* YOUR INSTRUCTIONS: Nothing but an exact copy is asked for: the lines in the material below from the one with "Samsung 6800 user" through the one with "Metal Plated Walnut", pictures excluded.

* RECORDS TO PROCESS:
- Opening Delimiter -
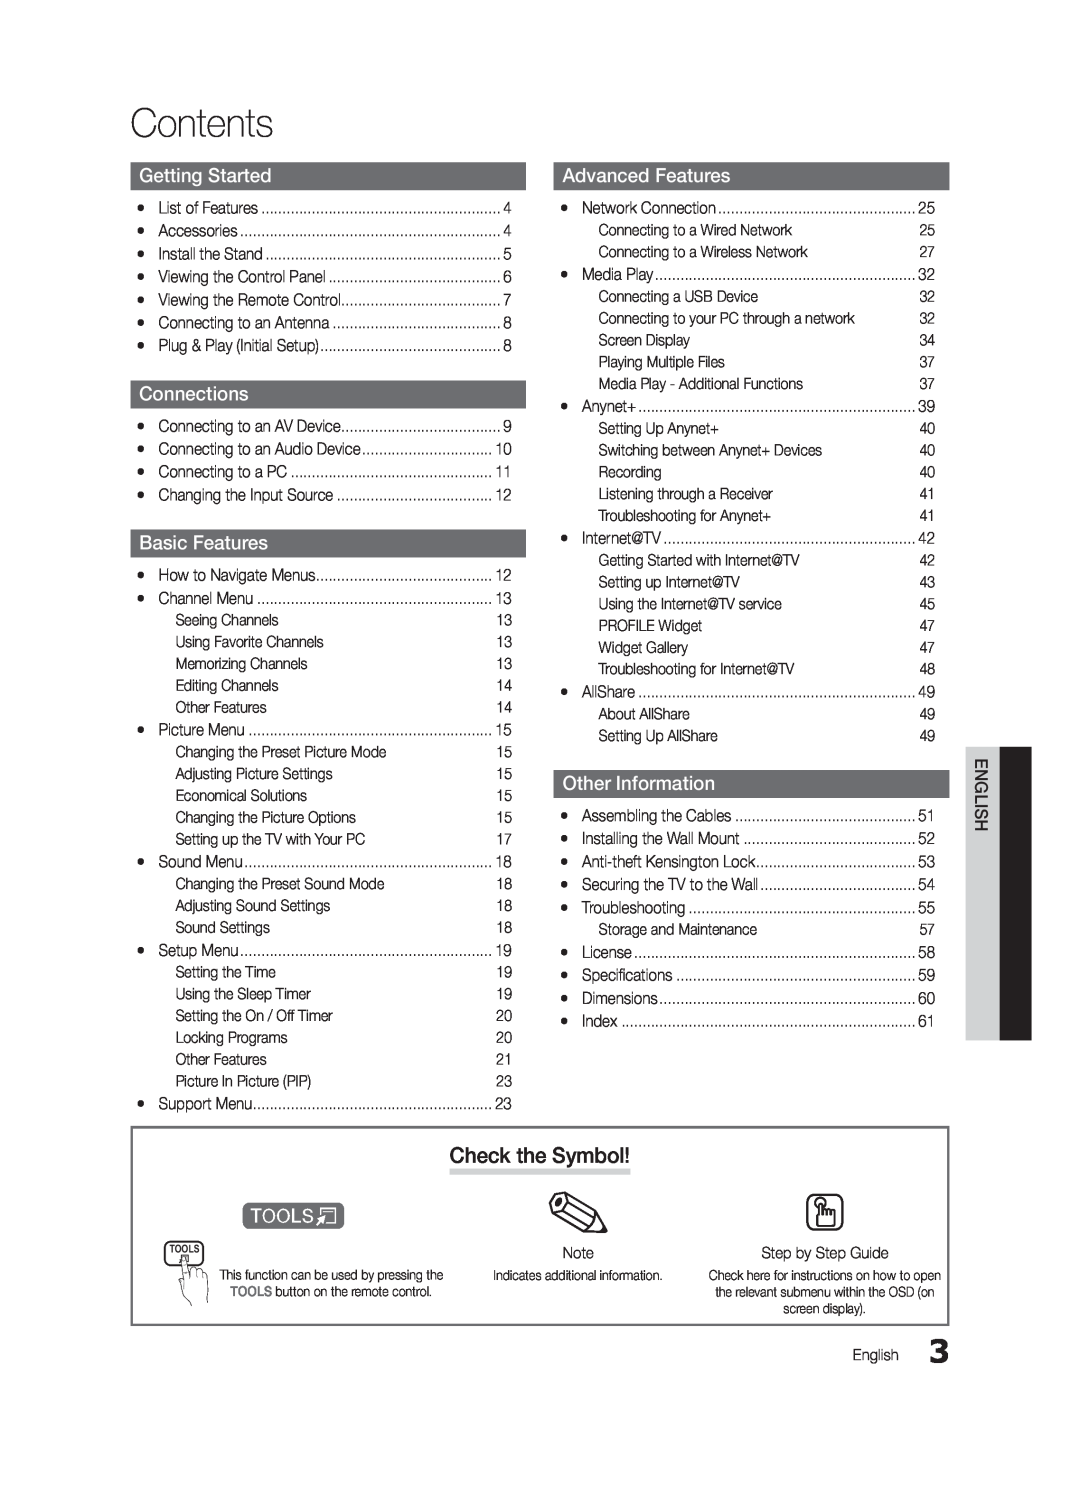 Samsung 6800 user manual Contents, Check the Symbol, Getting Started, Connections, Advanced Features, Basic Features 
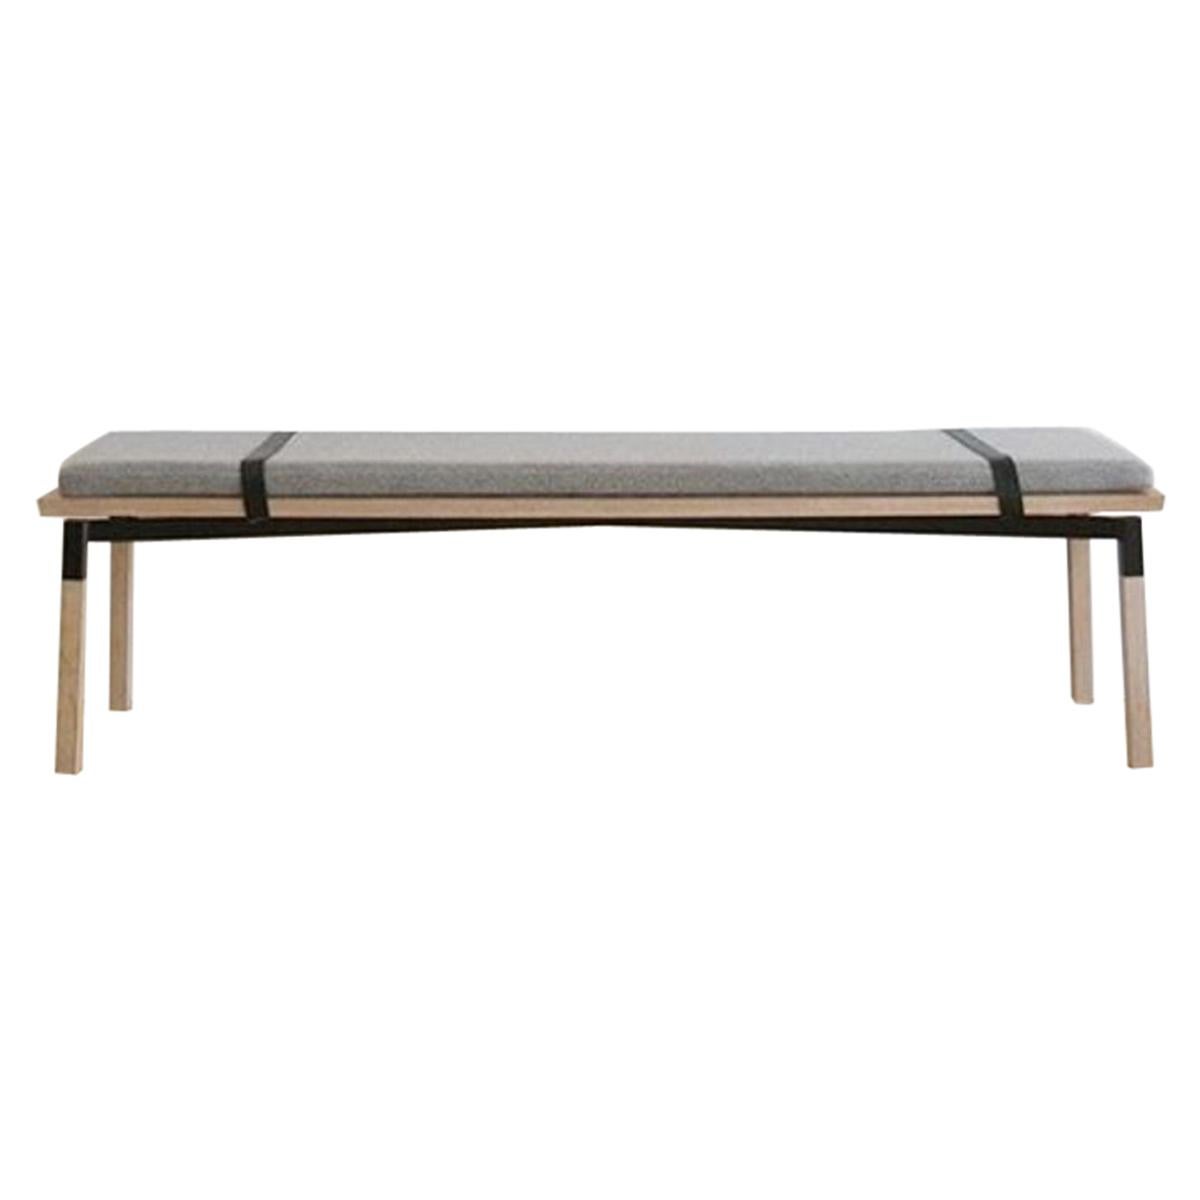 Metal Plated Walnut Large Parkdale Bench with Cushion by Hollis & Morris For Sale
- Closing Delimiter -
- Opening Delimiter -
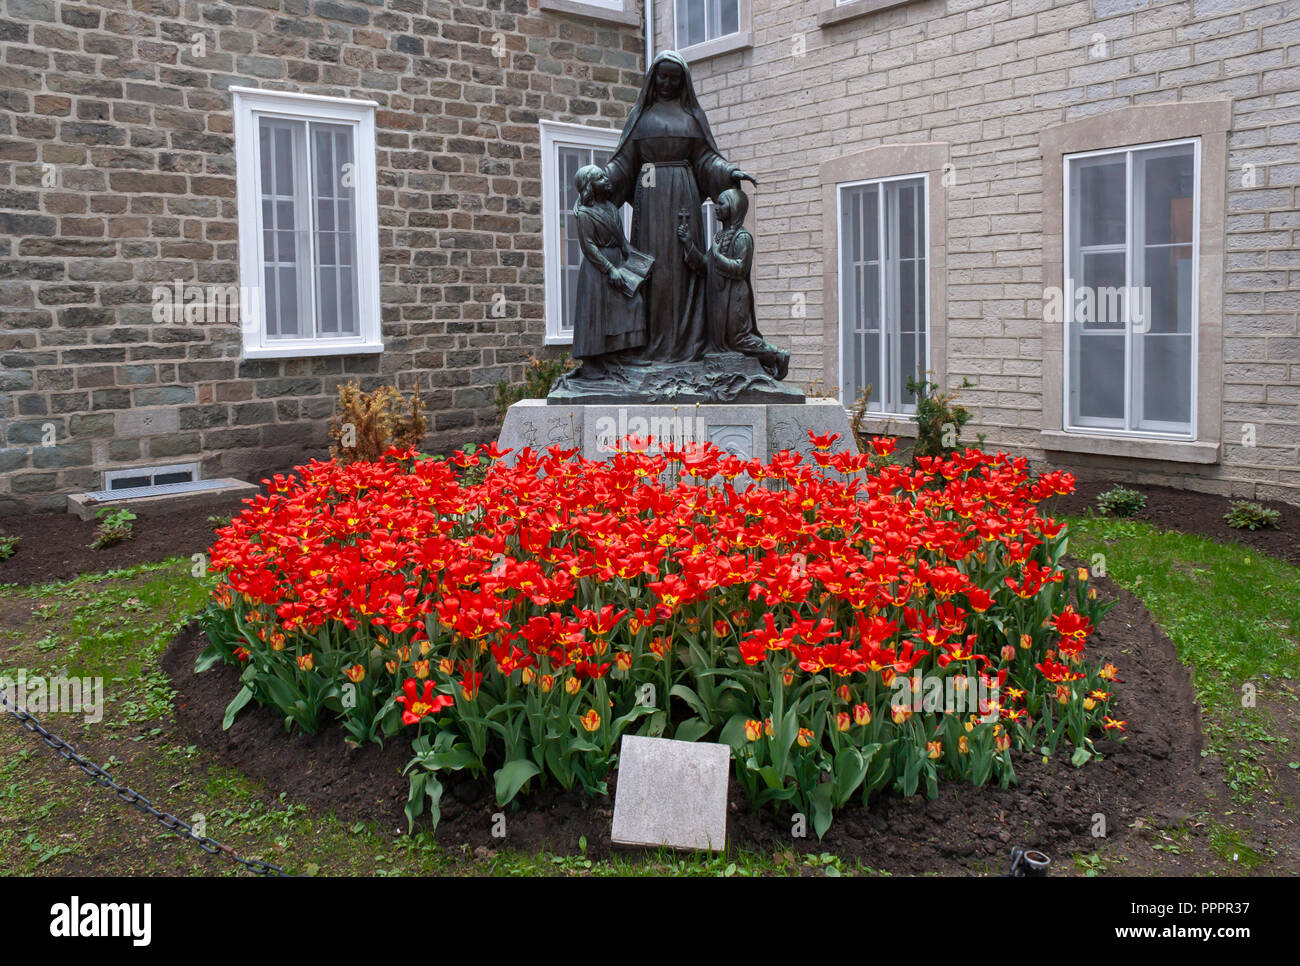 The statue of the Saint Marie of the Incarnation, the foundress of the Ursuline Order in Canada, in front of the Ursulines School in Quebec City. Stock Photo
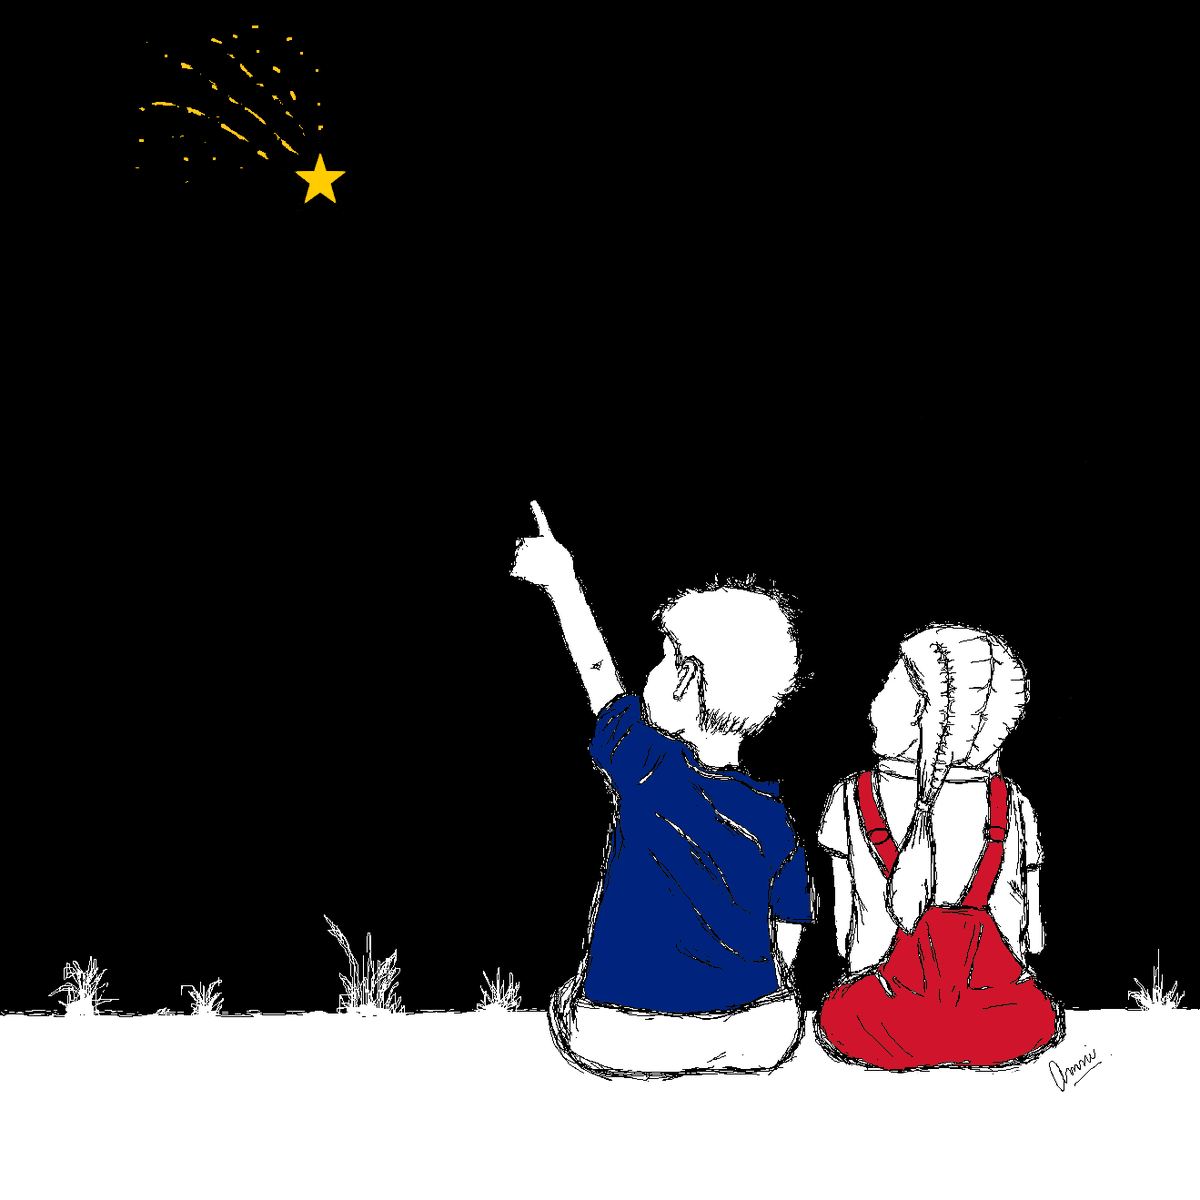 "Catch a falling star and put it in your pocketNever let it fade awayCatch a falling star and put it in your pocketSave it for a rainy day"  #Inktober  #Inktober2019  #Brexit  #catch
- Closing Delimiter -
- Opening Delimiter -
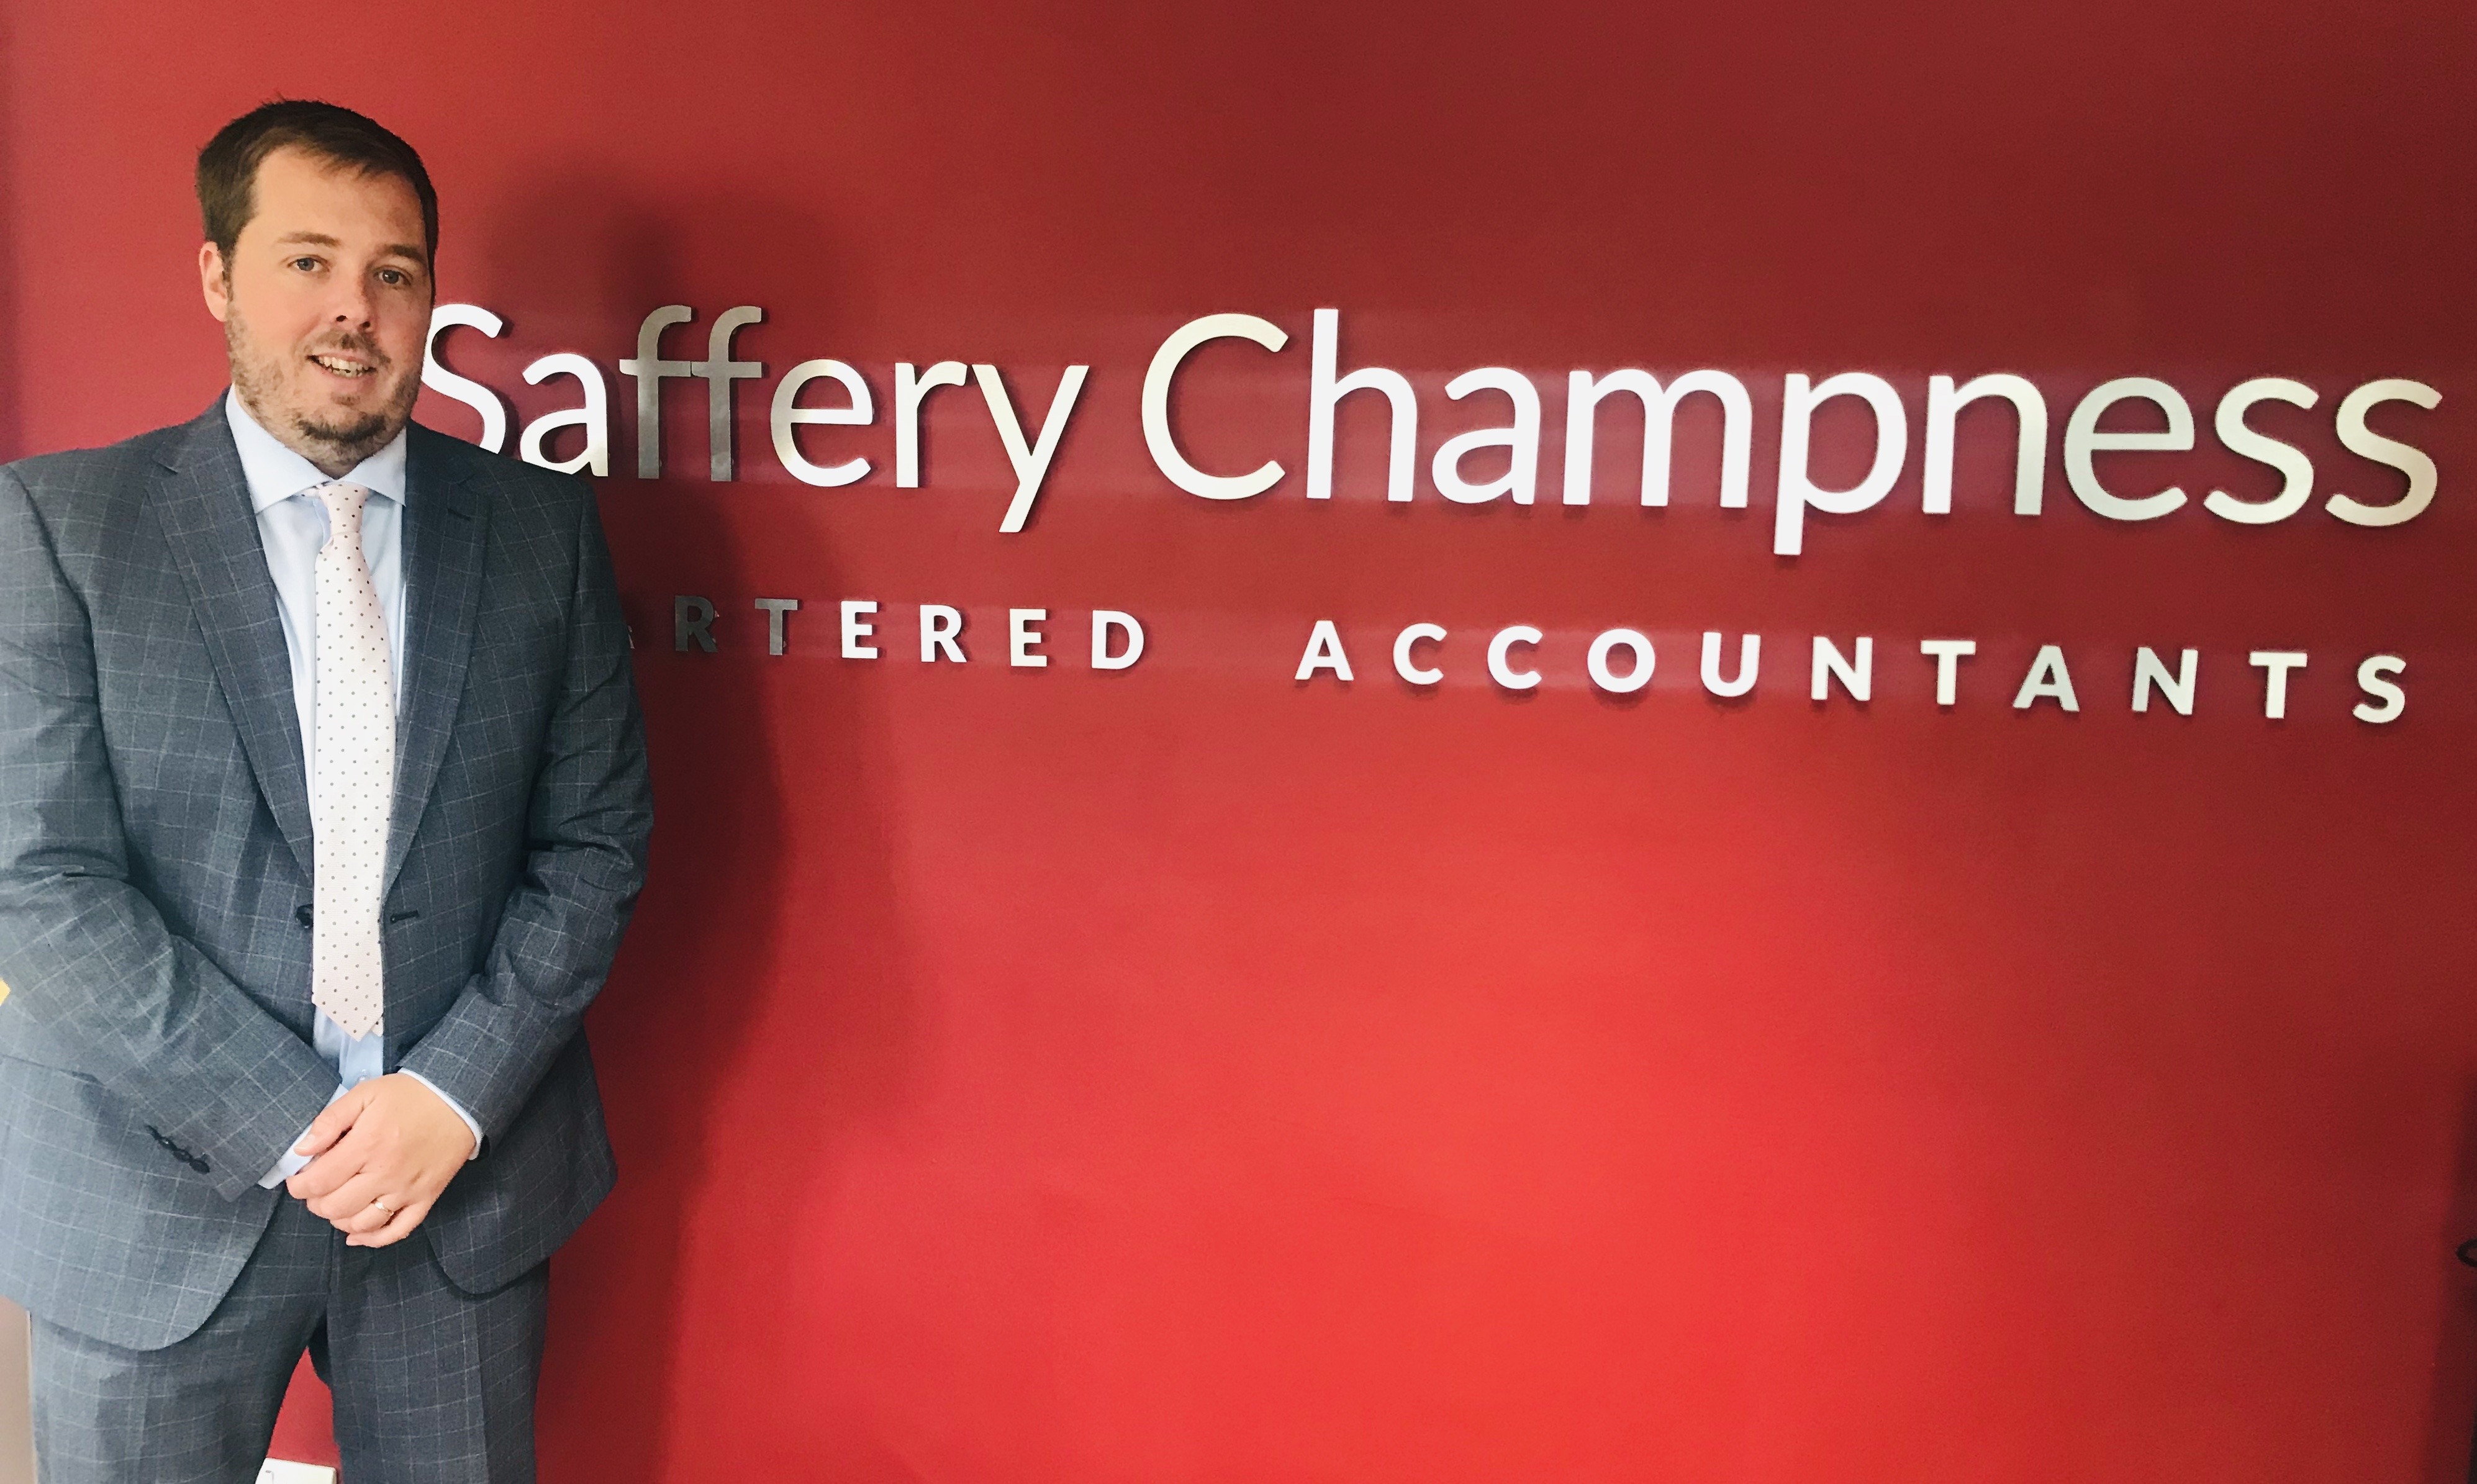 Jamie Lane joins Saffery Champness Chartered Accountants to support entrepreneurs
- Closing Delimiter -
* YOUR SOLUTION:
 Samsung 6800 user manual Contents, Check the Symbol, Getting Started, Connections, Advanced Features, Basic Features 
 Metal Plated Walnut Large Parkdale Bench with Cushion by Hollis & Morris For Sale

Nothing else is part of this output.